BRIEF>
Output exactly, and only, the lines below from the one with "First quarter of" down to the one with "a flyimg car". Include both end lines and no pictures.

DATASET RECORDS>
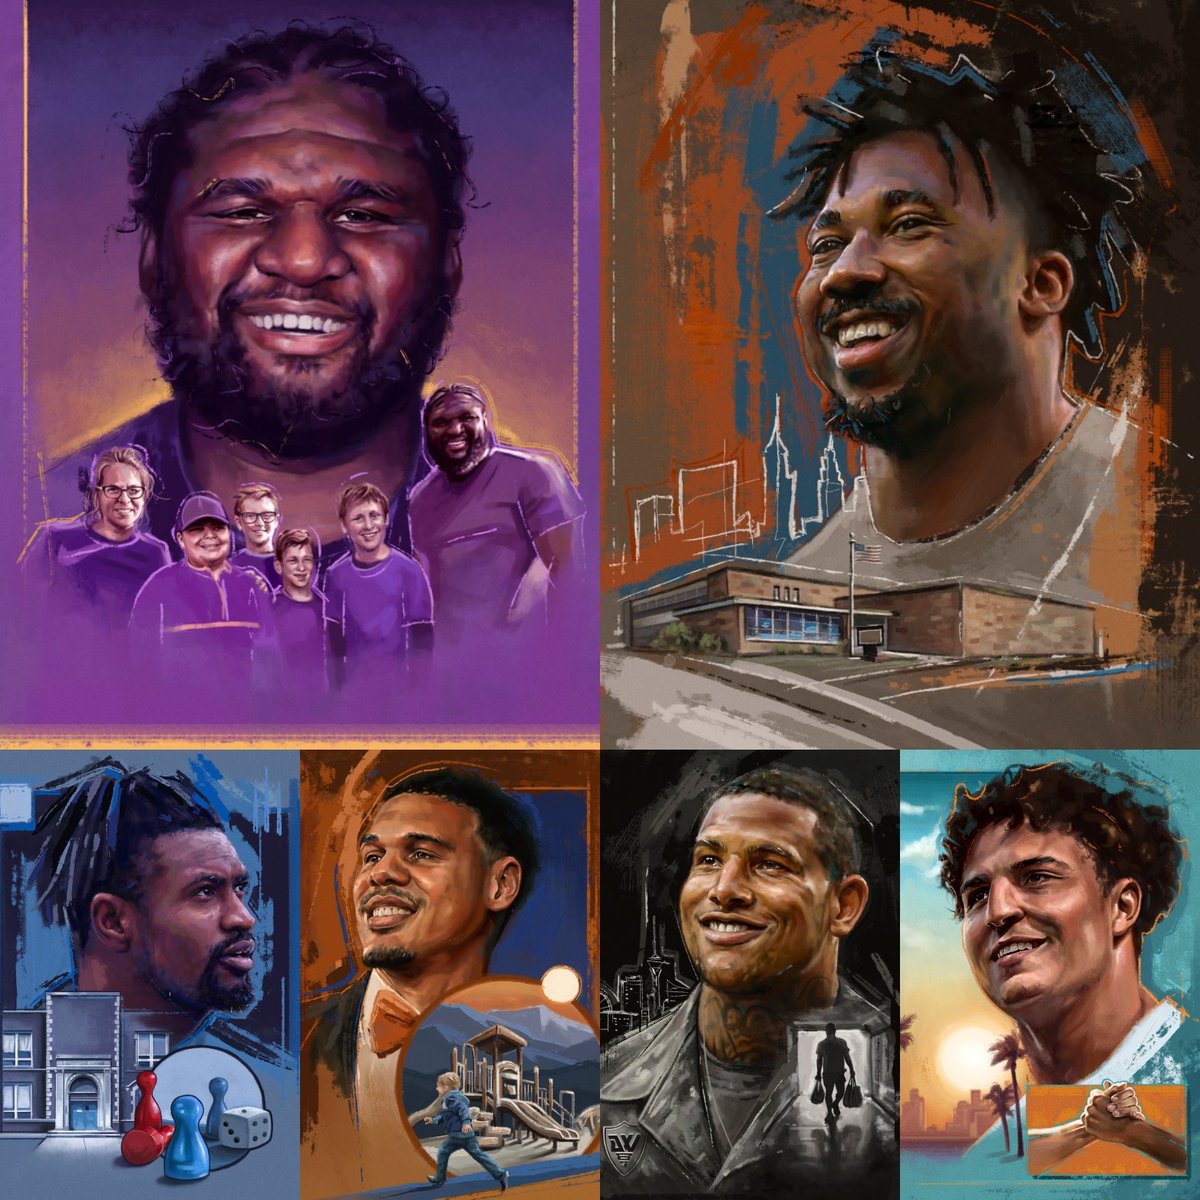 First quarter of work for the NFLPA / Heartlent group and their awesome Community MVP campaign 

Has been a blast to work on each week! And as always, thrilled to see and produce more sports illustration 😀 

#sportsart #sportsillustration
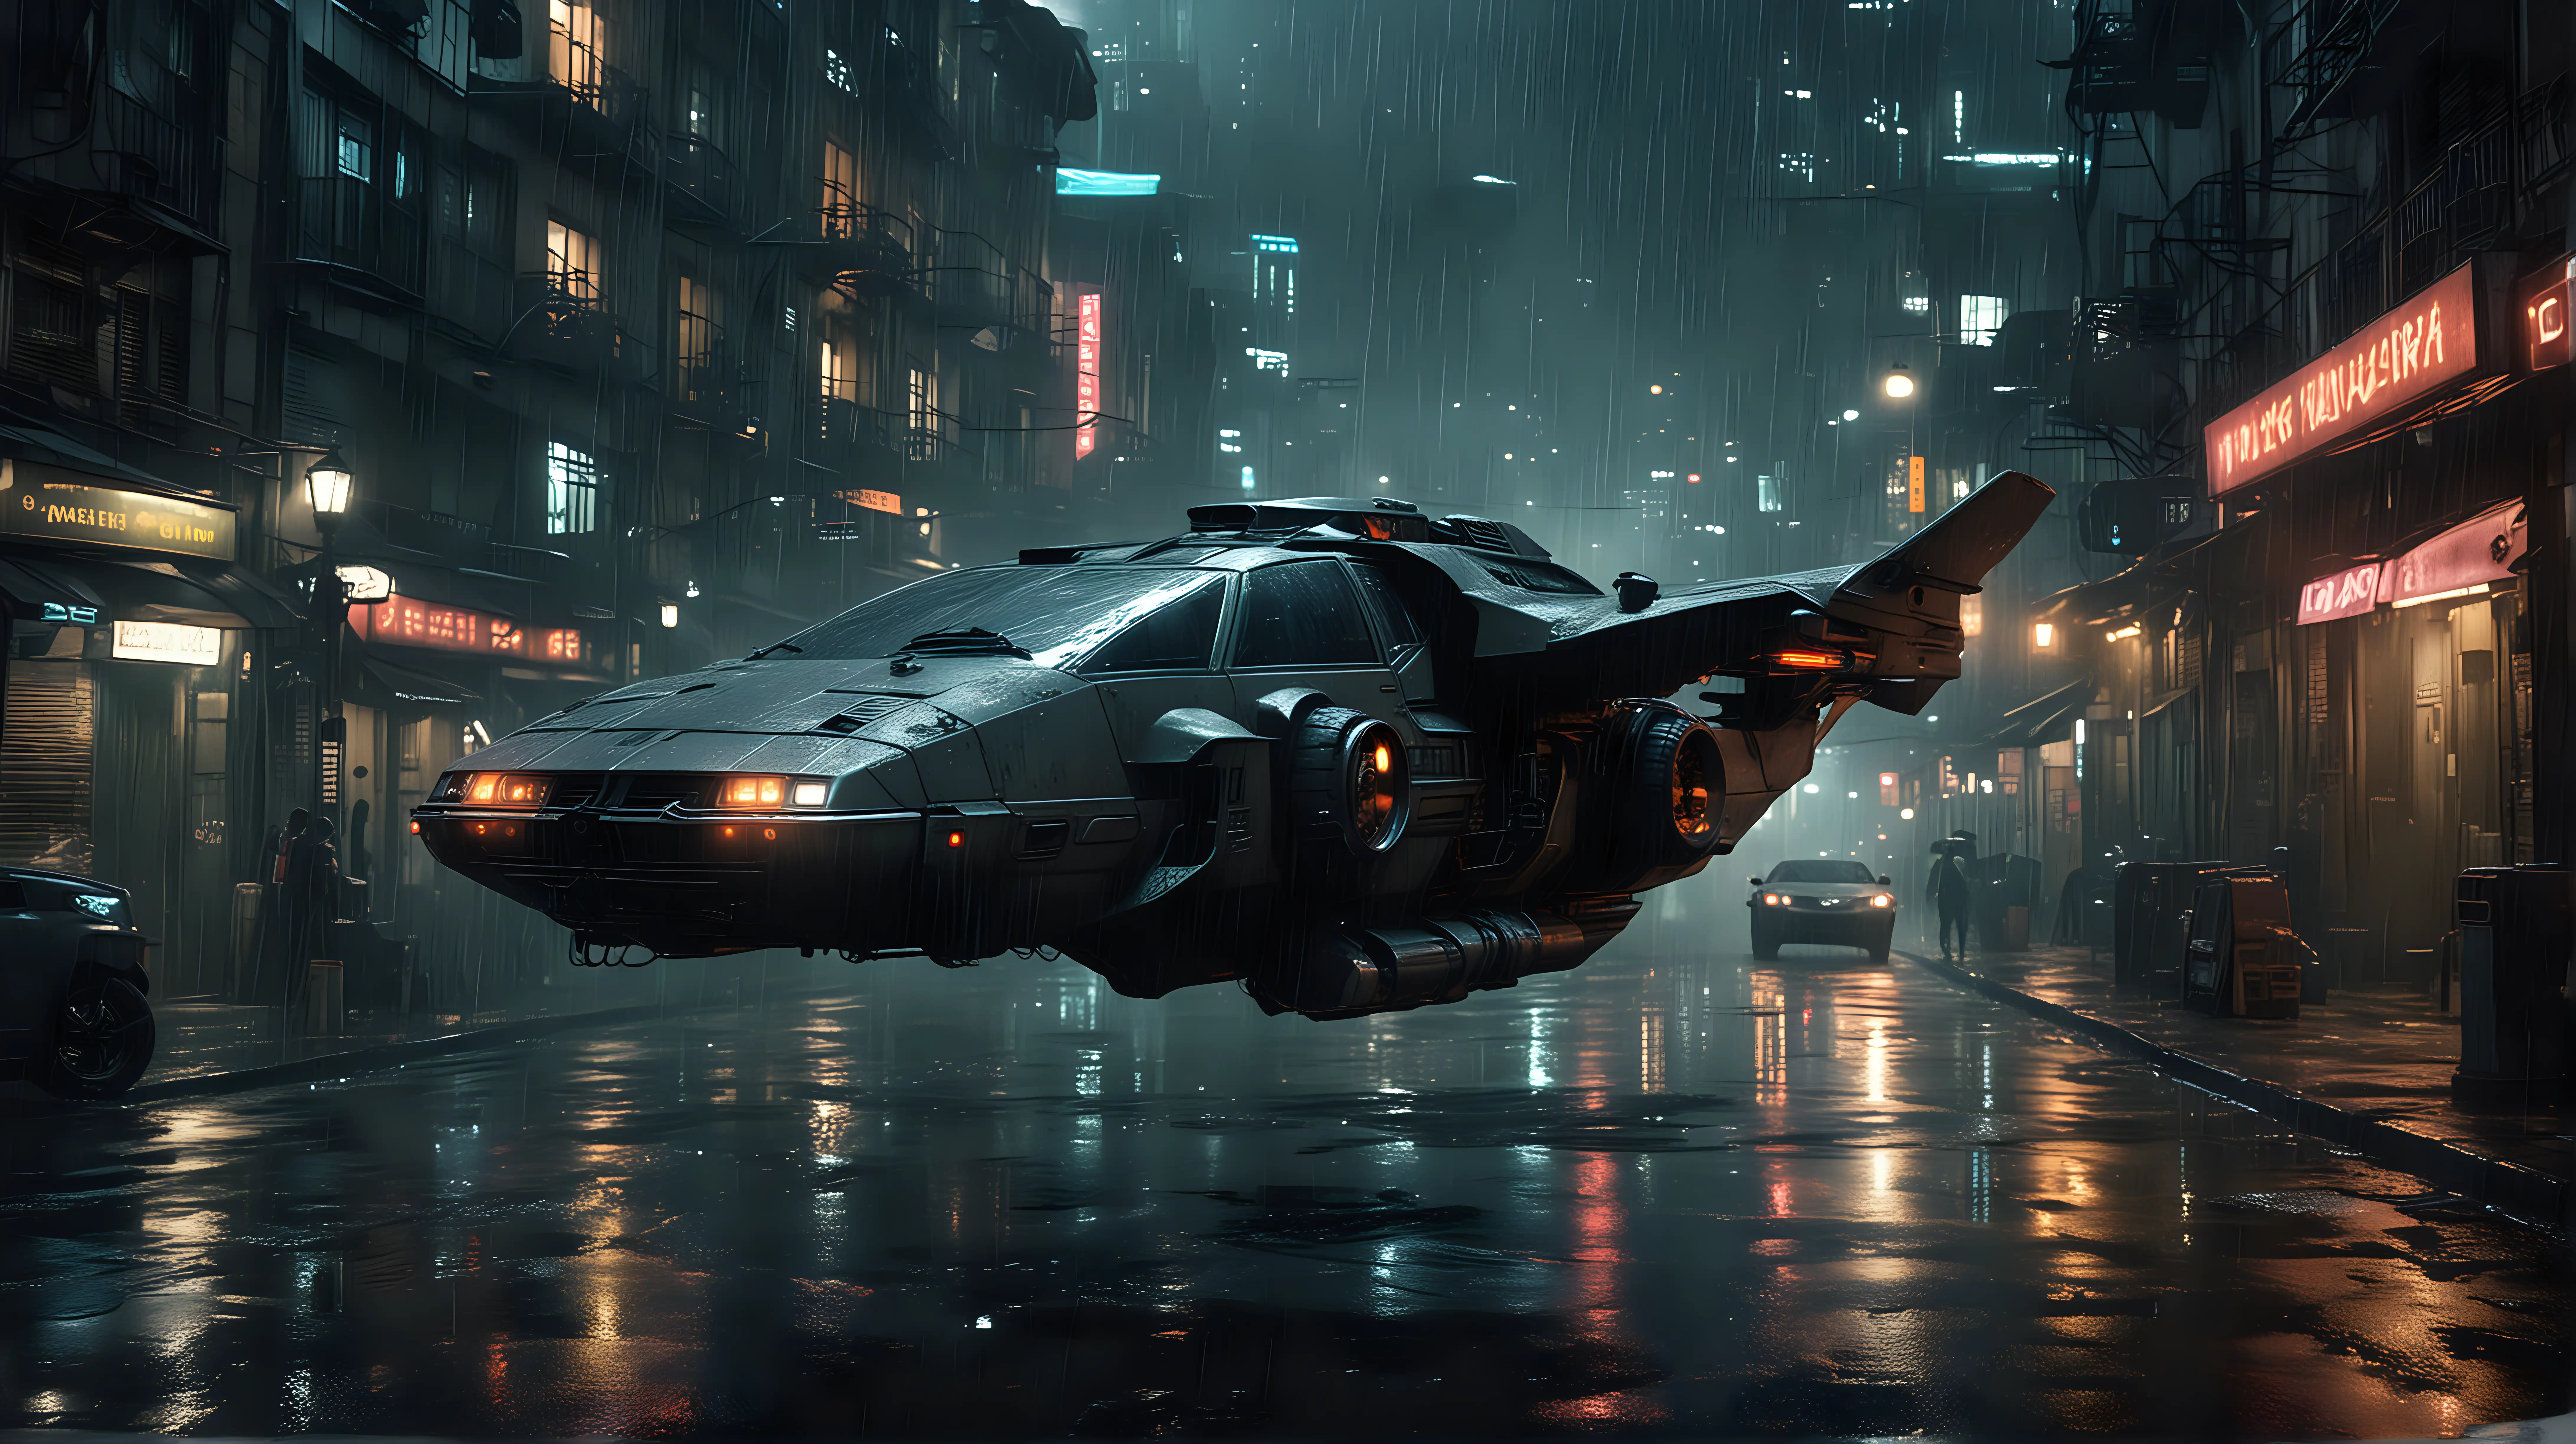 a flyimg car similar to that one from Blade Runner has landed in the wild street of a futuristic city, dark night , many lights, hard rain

---

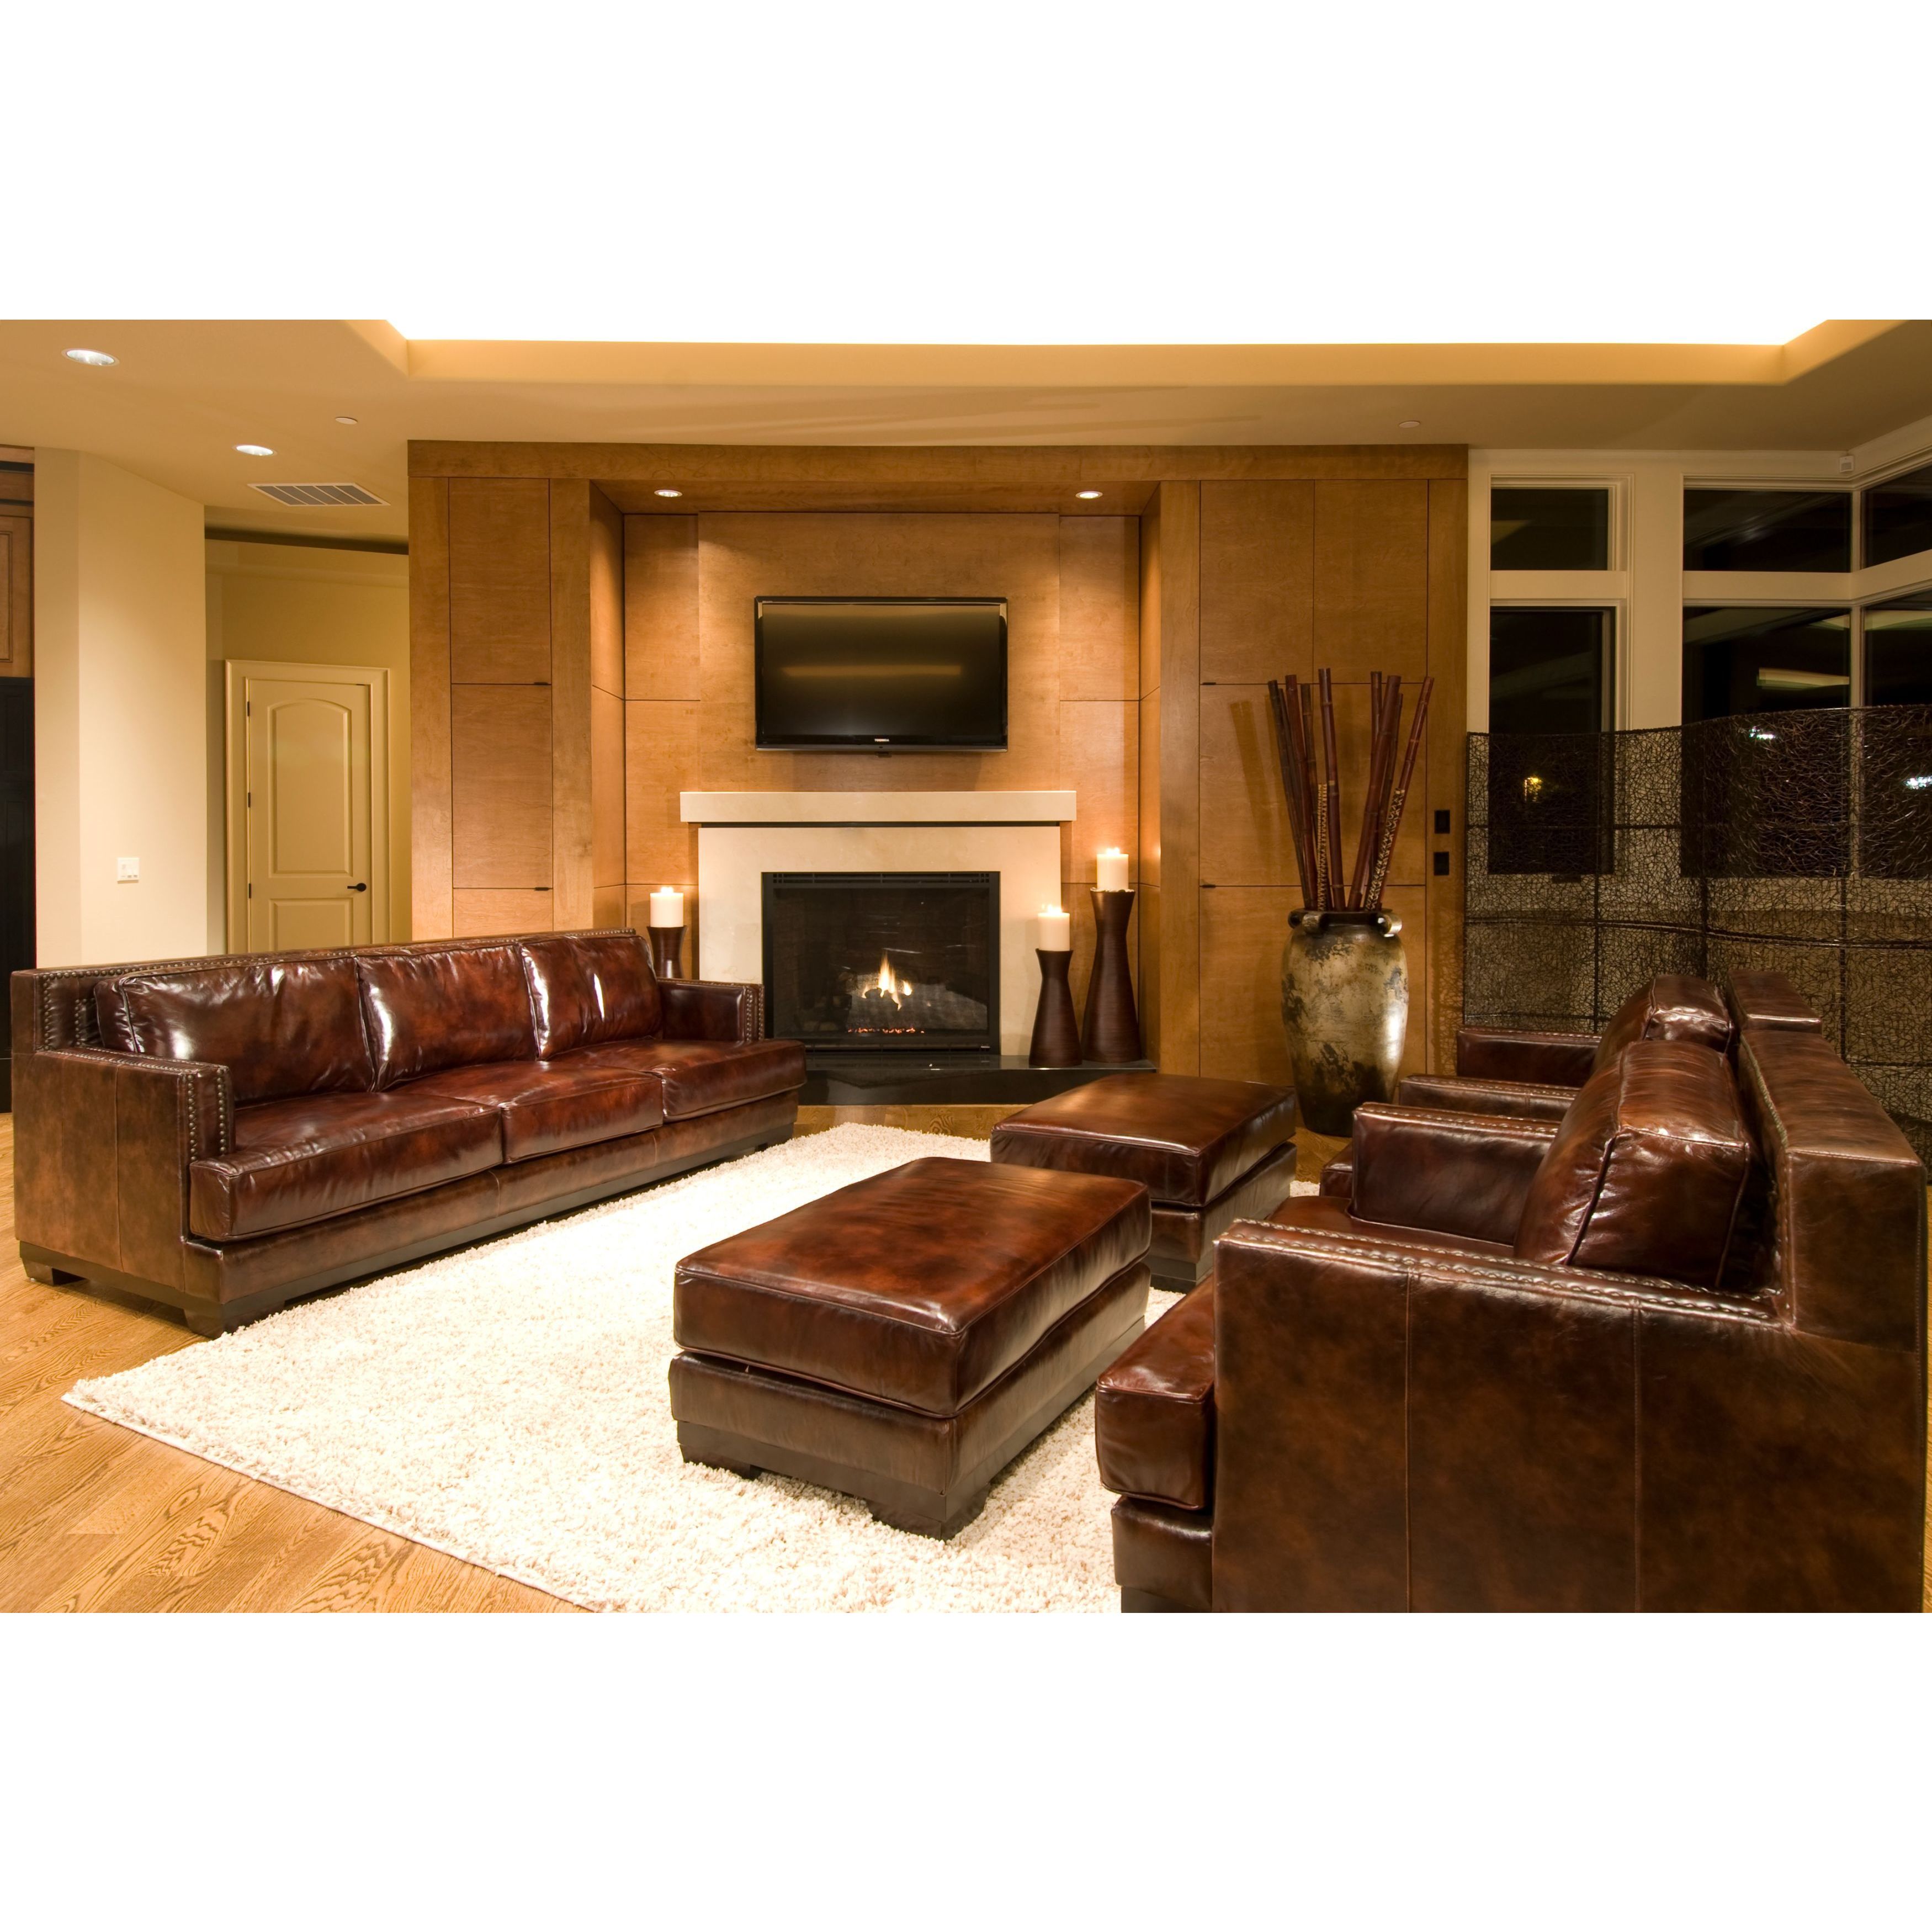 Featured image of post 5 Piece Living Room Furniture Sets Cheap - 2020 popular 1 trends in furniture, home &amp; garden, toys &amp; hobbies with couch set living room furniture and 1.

COMPLETED TASK>
 First quarter of work for the NFLPA / Heartlent group and their awesome Community MVP campaign 

Has been a blast to work on each week! And as always, thrilled to see and produce more sports illustration 😀 

#sportsart #sportsillustration
 a flyimg car similar to that one from Blade Runner has landed in the wild street of a futuristic city, dark night , many lights, hard rain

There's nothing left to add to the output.